Run an Automatic Speech Recognition (ASR) Evaluation
The Automatic Speech Recognition (ASR) Evaluation tool allows you to batch test audio files to measure the ASR accuracy of the skills that you've developed. With ASR, you can batch test your test sample audio utterances against ASR models and compare expected transcriptions with the actual transcriptions. The tool generates an evaluation report with accuracy metrics and pass/fail result for each test utterance, which you can use to resolve accuracy issues. You can also create test regression runs to automatically measure ASR accuracy at regular intervals or before skill updates or deployments.
This page describes how to run an ASR evaluation on an existing annotation set. If you have not already created an annotation set for ASR, see Create an Annotation Set for Automatic Speech Recognition (ASR).
You'll need the following items to run an ASR evaluation:
- An Amazon developer account. See developer.amazon.com to create your account, if necessary.

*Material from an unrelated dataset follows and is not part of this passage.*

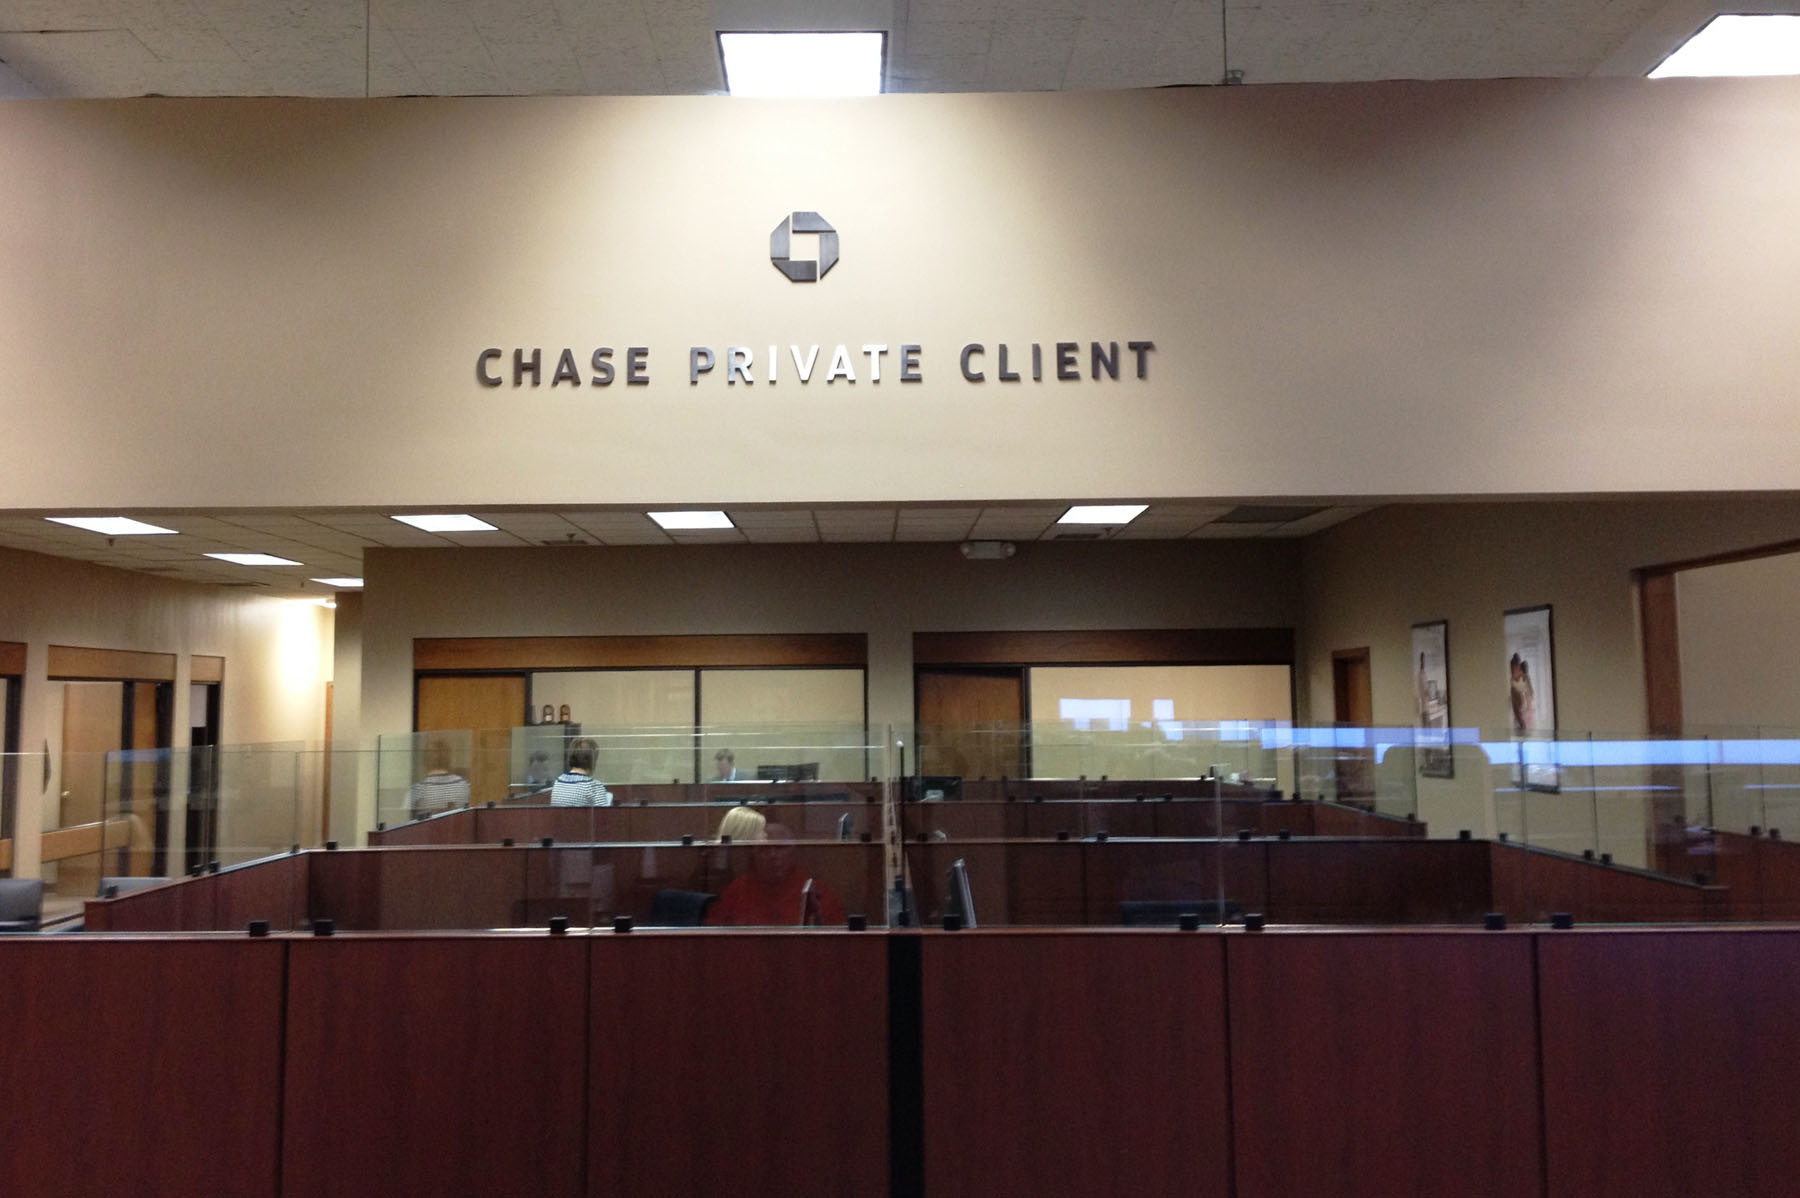 Chase Private Client Cubicles Gold Interior Letters

- An existing annotation set of audio utterances. See Create an Annotation Set for Automatic Speech Recognition (ASR) for instructions on creating an annotation set.
Run an ASR evaluation on an annotation set
To run an ASR evaluation on an annotation set
- Navigate to your annotation set:
- With your Amazon developer credentials, log in to the Alexa developer console.
- From the developer console, navigate to the Build tab.
- Under the Custom left nav tab, click Annotation Sets to display the NLU Evaluation tab, then click the ASR Evaluation tab to display your list of existing annotation sets.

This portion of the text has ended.